Отец, невзирая на страх перед тиграми, пускается, естественно, в погоню, в надежде вернуть свое добро; он отыскивает обиталище удава и, прячась в тени дерева или камня, дожидается, пока тот уползет, чтобы вмешаться. Слух у змей не очень тонкий, зато сзади головы есть нечто вроде глаз, и удав тут же замечает человека, проскальзывает к нему так, что тот ни о чем не догадывается, и душит, обвив жуткими кольцами своего прекрасного, чудовищно мускулистого тела.
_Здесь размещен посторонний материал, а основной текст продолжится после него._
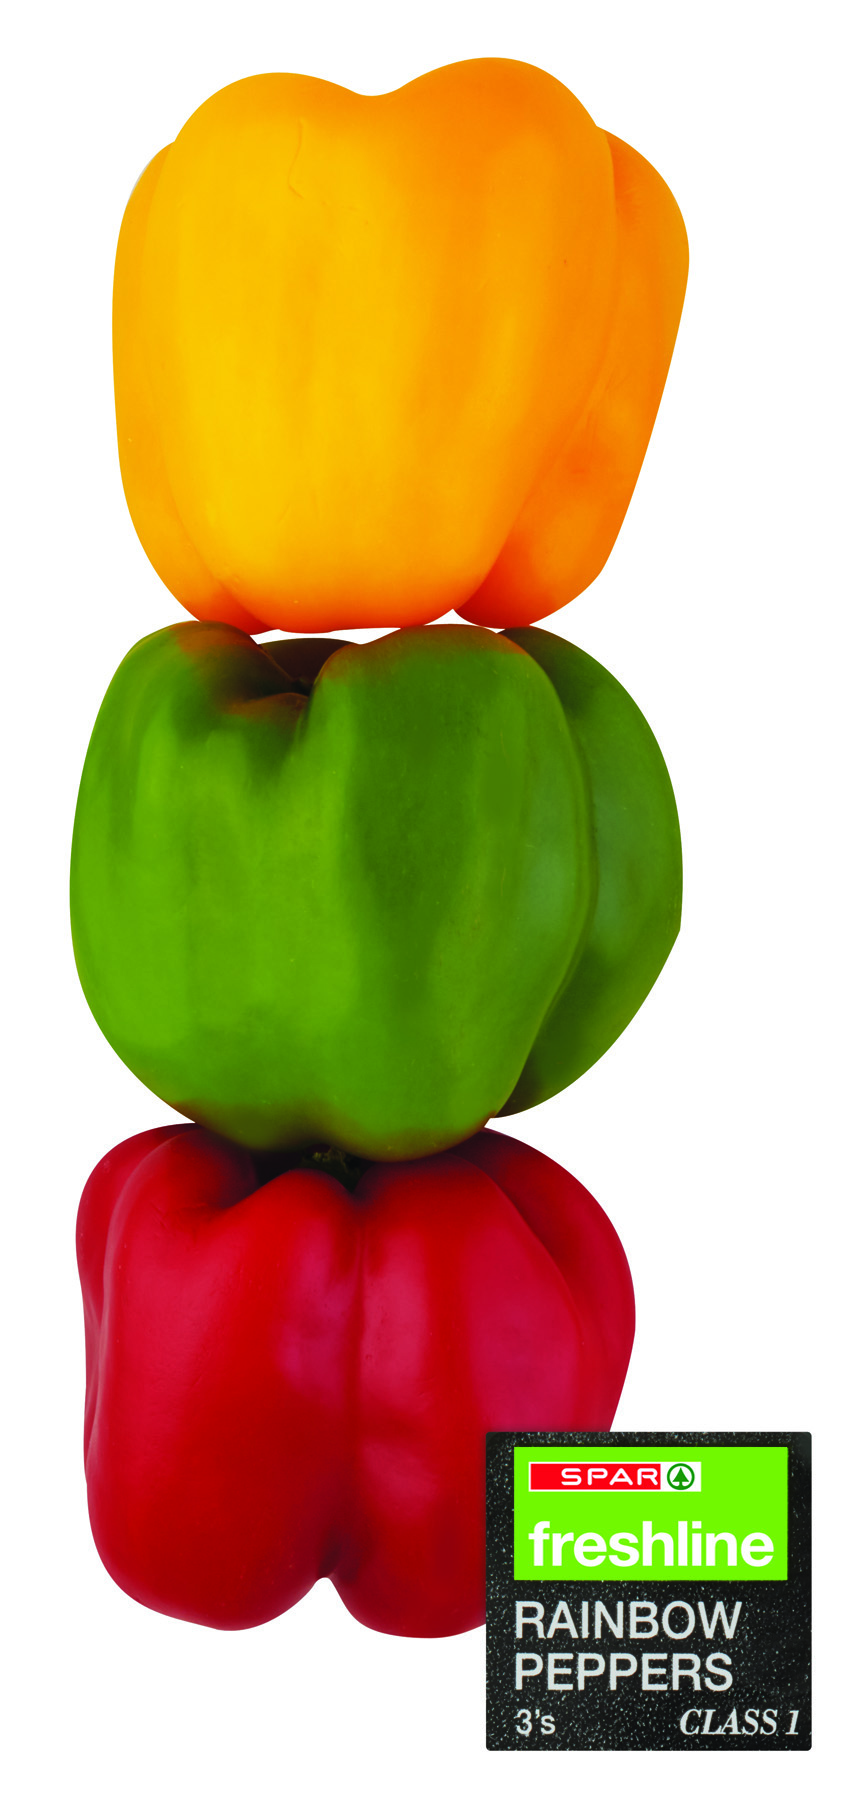 freshline rainbow peppers 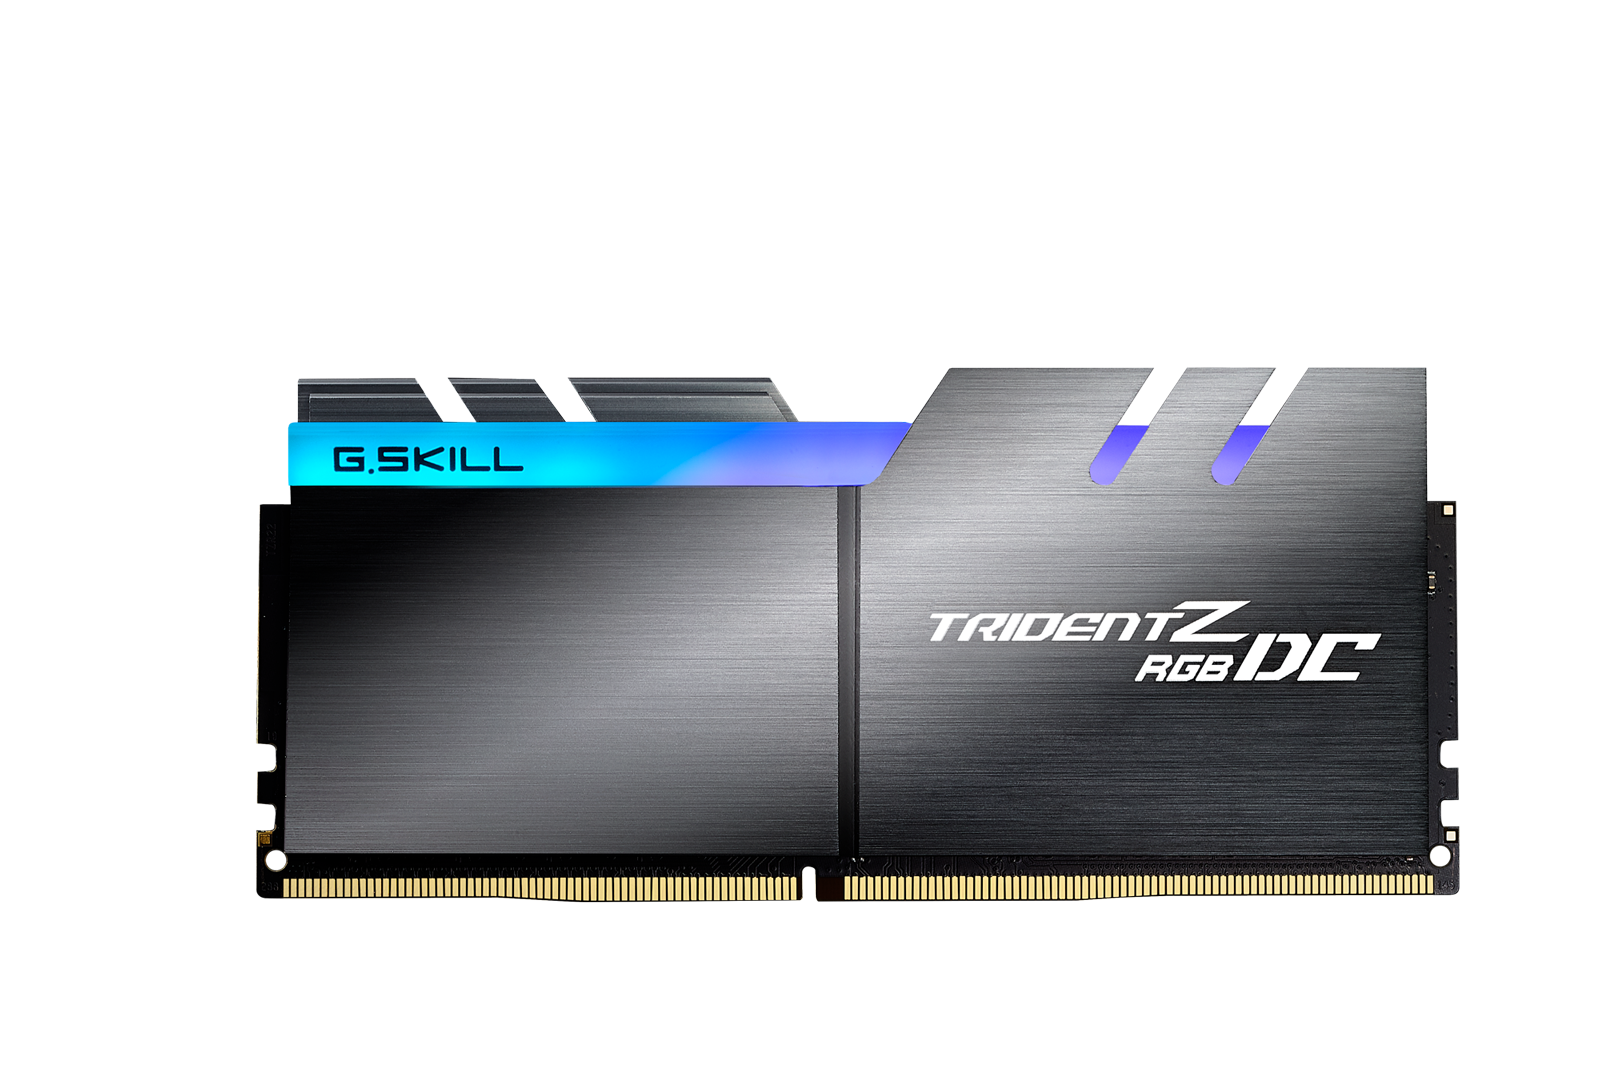 trident z rgb dc 02 G.SKILL เปิดตัวแรม Trident Z RGB DC Series DDR4 64GB (32GBx2) รุ่นใหม่ล่าสุดรองรับเมนบอร์ด Z390 เต็มรูปแบบด้วยเทคโนโลยี Double Capacity DIMM Technology ที่ใช้แรมแค่ 1คู่แต่ความจุมากถึง 64GB

К ногам охваченных ужасом матери и ребенка он бросает уже всего-навсего тряпичную куклу, ну а те, если не произойдет ничего непредвиденного, остаются в его власти до конца своих дней.
Меня глубоко впечатлила эта беседа с султаном, и лишь на корабле, который увозил меня в Европу, болтая со служившим в этой провинции английским чиновником, я узнал ее подноготную. Султан оказался там отнюдь не случайно: в окружении лучших специалистов своего двора он охотился на беглого удава, беременного матерью и ребенком, как о том рассказывалось; ему удалось его поймать и запереть в большой сундук, каковой он и поспешил доставить к себе во дворец.
Там он присутствовал при родах и, преисполнившись от этого небывалого вожделения, немедля сделал новорожденную мать своей любовницей, устроив в ее честь празднества и пышное пиршество; удав же, посреди арены, был передан на попечение вооруженным пиками слугам, коим было велено предать его смерти.